永瀬:そういう紆余曲折があったからこそ、だいぶ打ち解けられましたね。
出口:その過程がすごく面白いと思うので、ドキュメンタリーのカメラが入っていてほしかったくらいです(笑)。
ーーちなみに「聞きたいこと」はなにを聞いたんですか?
出口:結局なにも聞かなかったです。
永瀬:聞かれてないっすね。
ーーいま聞いてみたいことはありますか?
出口:えぇ~! でも撮影以来、久しぶりに会うので……元気だったかい?
永瀬:それですか!? えぇ、元気ですよ。今日久しぶりに“でぐ”と会えて元気が出ました。
ーー出口さんのことを「でぐ」って呼んでるんですか?
永瀬:「でぐ」ですね。
ーー出口さんは永瀬さんのことをなんて呼んでるんですか?
出口:「永瀬さん」。
永瀬:いや、めっちゃ猫かぶってるわ……。
出口:ははは。今日は“永瀬さん”のマインドで来たんですけど、撮影中はずっと「秋人くん」って役名で呼んでいて。途中から仲良くなってきたときに、「でぐ」って呼んでくれてるのに「秋人くん」だと申し訳ないなと思って。でも「廉くん」っていうキャラでもないから……。
永瀬:それが意味わからへん(笑)。
出口:ちょっといじりたくなるような感じ。結局なんて呼んだらいいかわからなかったので、「永瀬廉」ってフルネームで呼んでました。
永瀬:フルネームで呼ばれることなんてなかなかないよ(笑)。
出口:絶対に「廉くん」なんて呼びたくない。
永瀬:ははは!
ーー年齢的にもお二人の高校生姿を見られる機会はどんどん少なくなっていくと思いますが……。
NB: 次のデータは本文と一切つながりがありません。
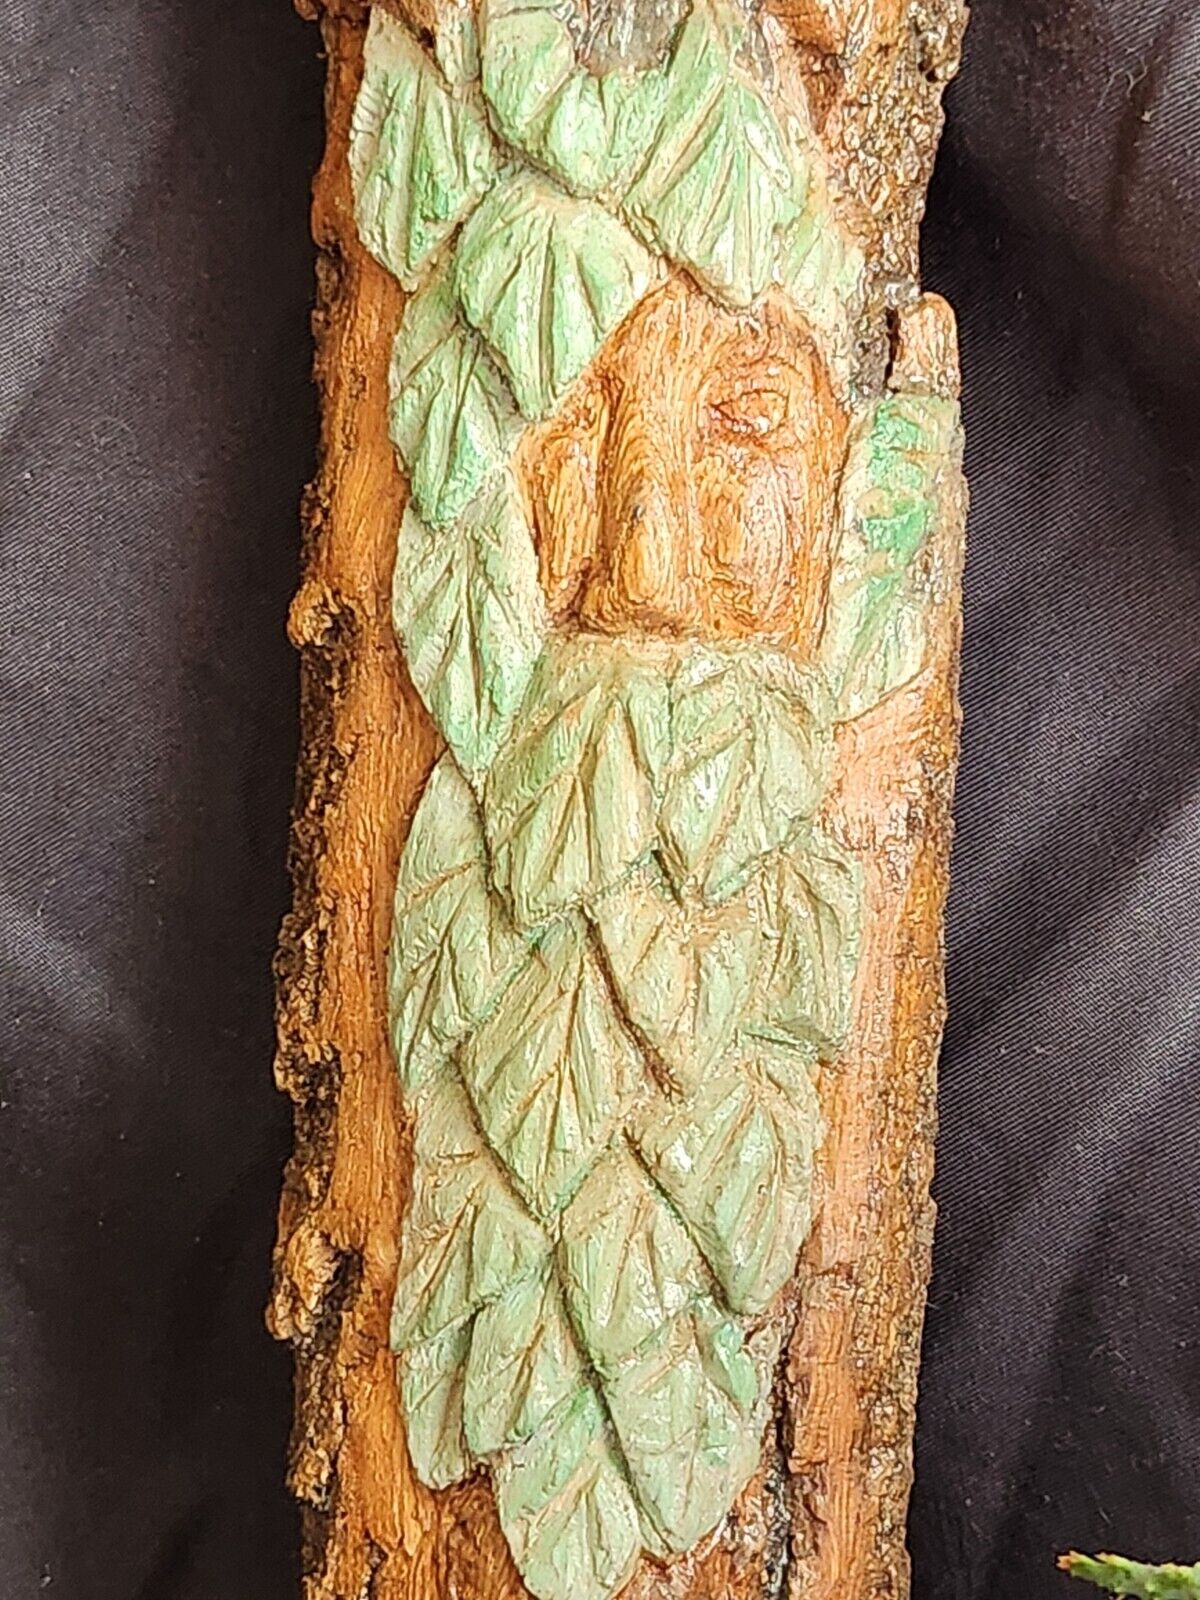 Greenman/Wood Spirit Carving

永瀬:いや、勝手に決めつけないでください! まだまだ全然いけるんで(笑)。
出口:私もまだ高校生役が続いています(笑)。
永瀬:でも高校生を演じるのは楽しみではありましたね。僕は通信制の高校に通っていたので、実際の高校生活では高校生っぽいことができなかったので。日々の授業や文化祭みたいな行事ごとを含めて、作品を通して楽しむことができるので、それは本当に嬉しいです。
ーー映画の中では「夏休み」が描かれていますが、お二人にとっての“忘れられない夏休み”を教えてください。
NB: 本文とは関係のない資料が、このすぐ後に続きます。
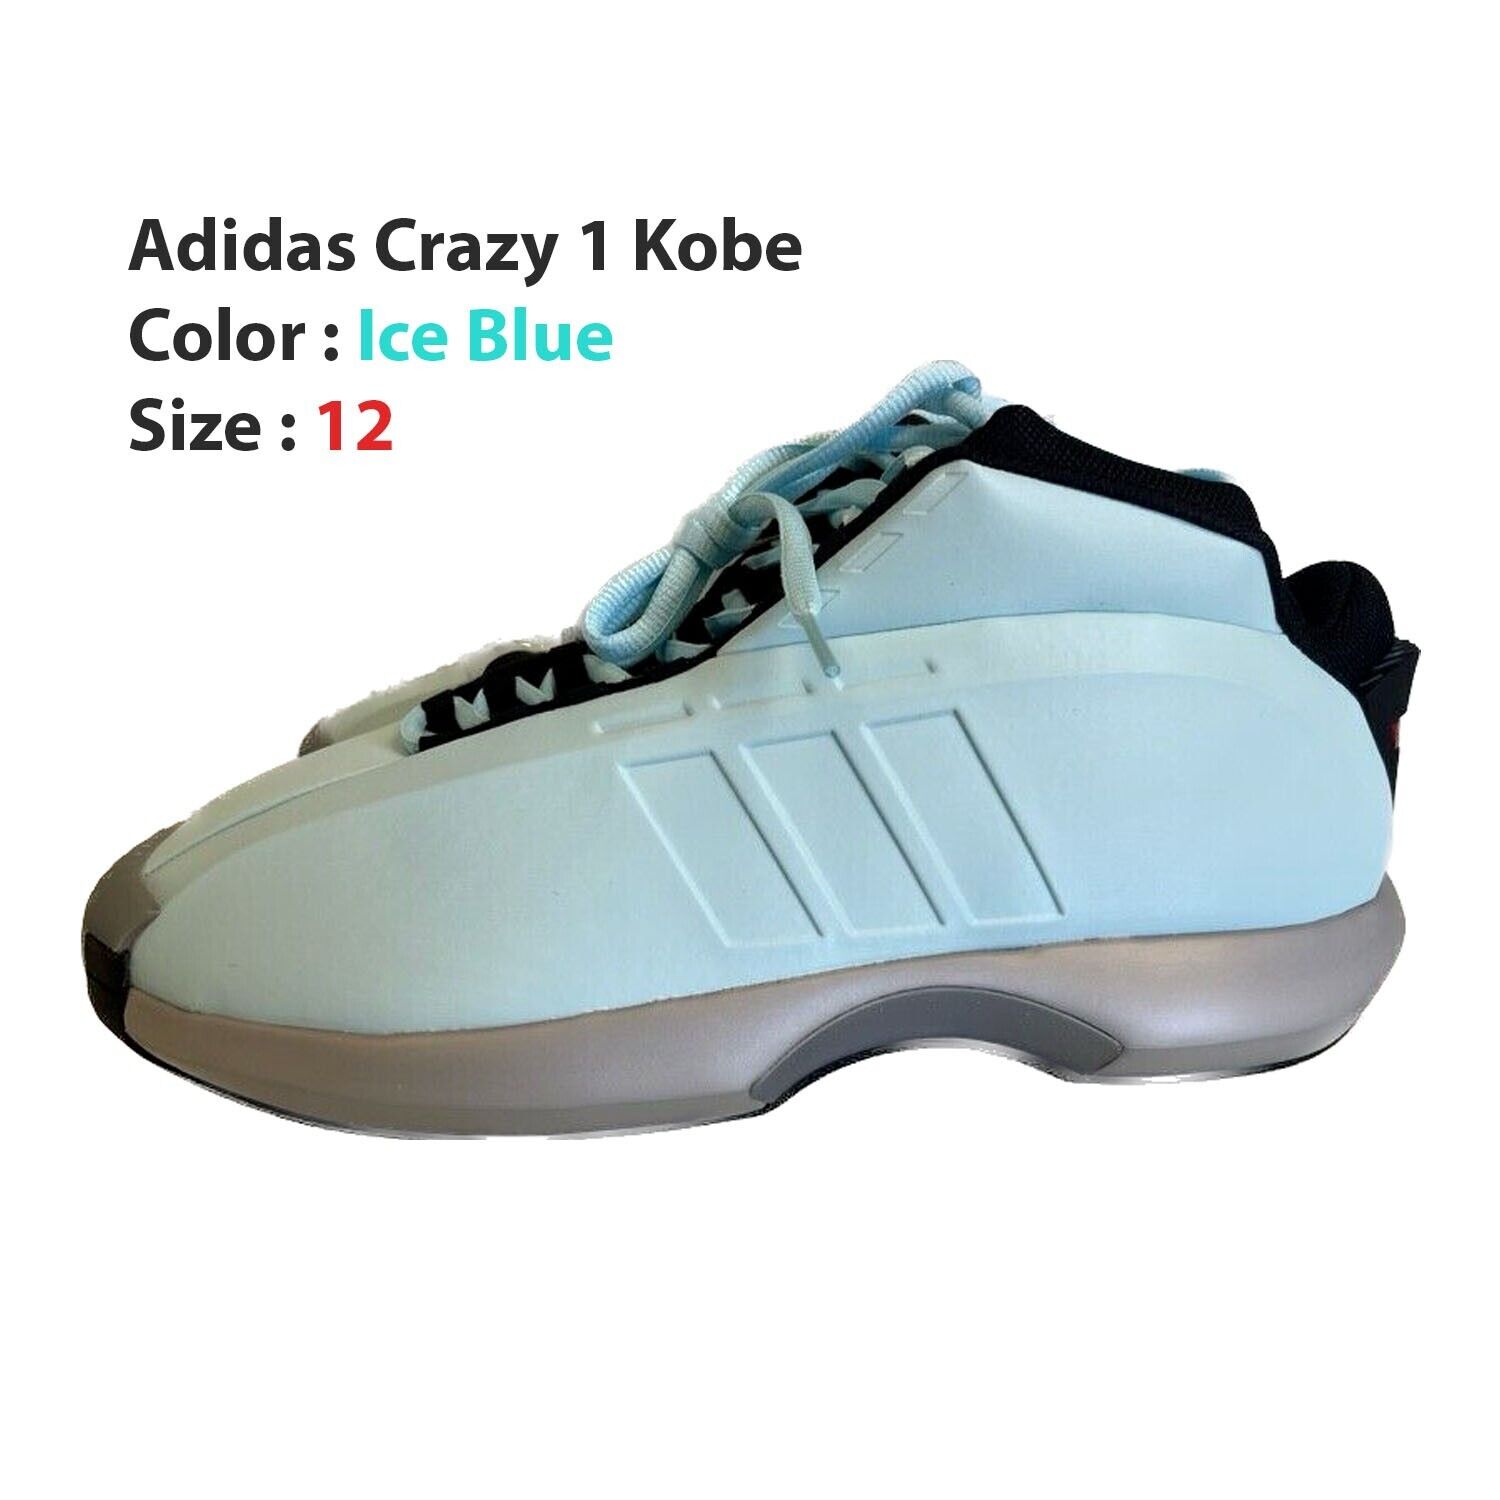 Adidas Crazy 1 Kobe - Ice Blue - IG5896 Men\'s Shoes - Us Shoe Size 12

永瀬:昔は、毎年夏休みの新潟のおばあちゃんの家に帰省していたんです。事務所に入ってからは仕事もあってなかなかそういう機会がなかったんですけど、高校生のときに地元の仲の良い友達と海辺の宿に泊まって、花火をしたり外でレジャーシートを敷いてご飯を食べたりして、朝そのまま仕事に行ったことがあって。それは“忘れられない夏休み”でしたね。めちゃくちゃ青春でした。
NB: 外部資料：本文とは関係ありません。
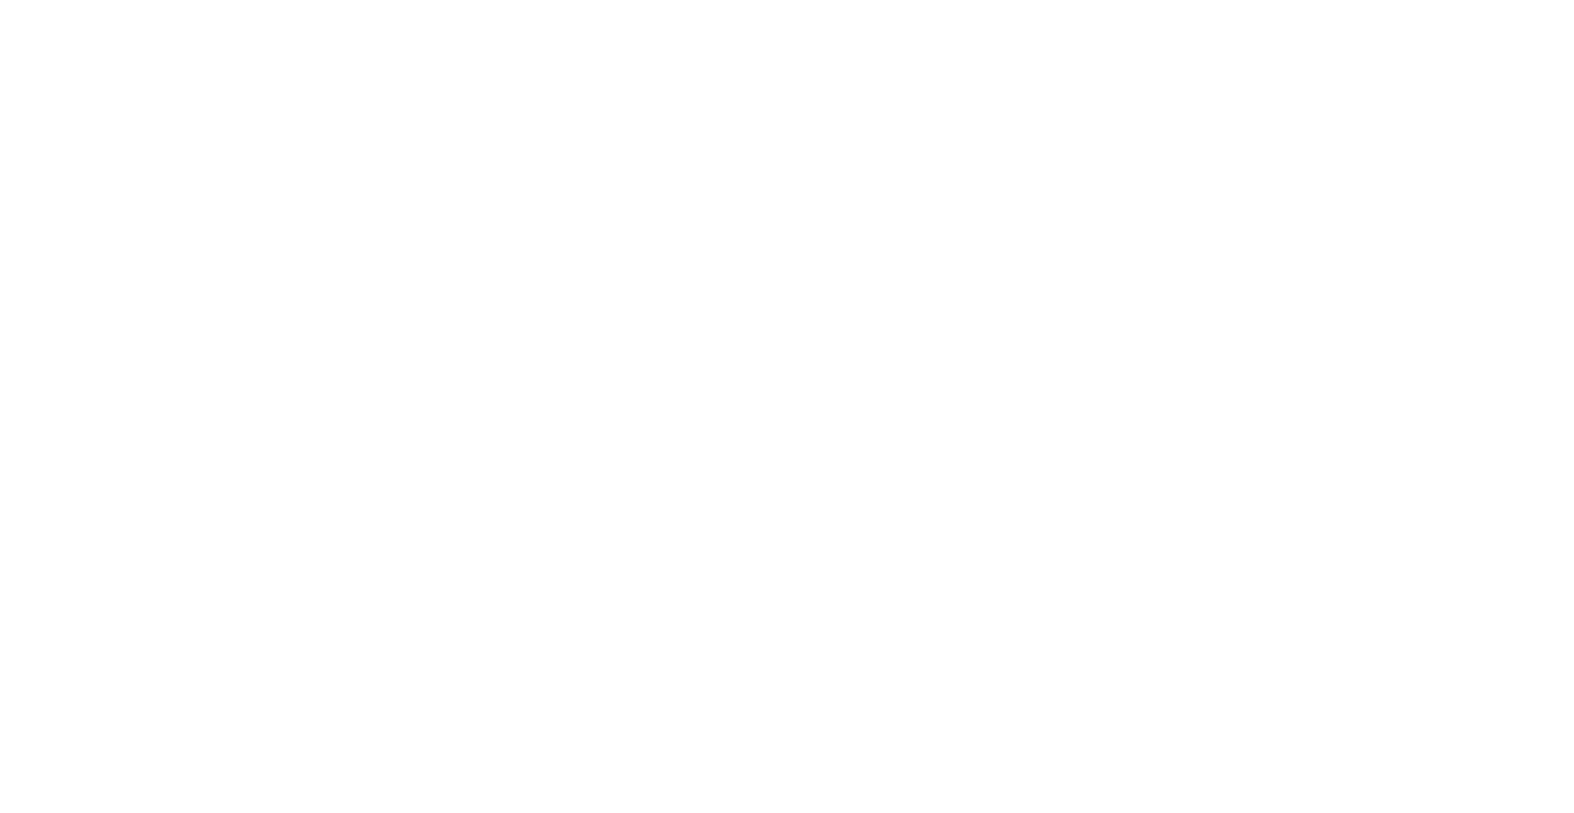 RSA Insurance Group

出口:私は夏休みに外に出た記憶があまりなくて。ずっとクーラーをかけた家の中で涼みながら過ごして、夏休み最後の1週間で残った宿題に焦る夏を毎年過ごしていました。食べるか寝るかしかしてなかったです(笑)。逆にこのお仕事を始めてから休みを大事にするようになって、友達とコテージを借りて泊まりで海のほうに行ったりしています。友達がみんな社会人なので、2~3カ月前からマネージャーさんにお願いして、私がみんなの休みに合わせているんです。
永瀬:休み取るのってなかなかタイミングが難しくない?
出口:そうそう!
永瀬:相談すればお休みをもらえるんですけど、仕事が重なってどうしても取れない時期が続いて。ちょっと空気を読みながら(笑)。
出口:わかる! 空気を察して(笑)。
永瀬:前、「3日くらい休みをください」って言ったらもらえたんですけど、普通3連休だと思うじゃないですか。なのに、まさかの飛び飛びで(笑)。そういうときは遠出はできないので、とりあえず前日は友達と飲みに行って、休みの当日は買い物に行ったりして過ごしてます。
ーー『余命一年の僕が、余命半年の君と出会った話。』は、まさにそういう日常の大切さを改めて噛み締めるような作品ですよね。お二人も改めてなにか感じることがあったのでは?
永瀬:秋人と春奈の姿を通して、普段生活しているこの時間が当たり前ではないということを痛感しました。もし自分が秋人や春奈のような立場になったら、二人のように行動できるのかということもいろいろ考えましたね。そういう意味でもいろんなことに気づかせてくれる作品だと思います。
出口:実際に余命を宣告される方もたくさんいらっしゃって。私は、本当にいま生きているこの日々を大事にしなければいけないなと思いました。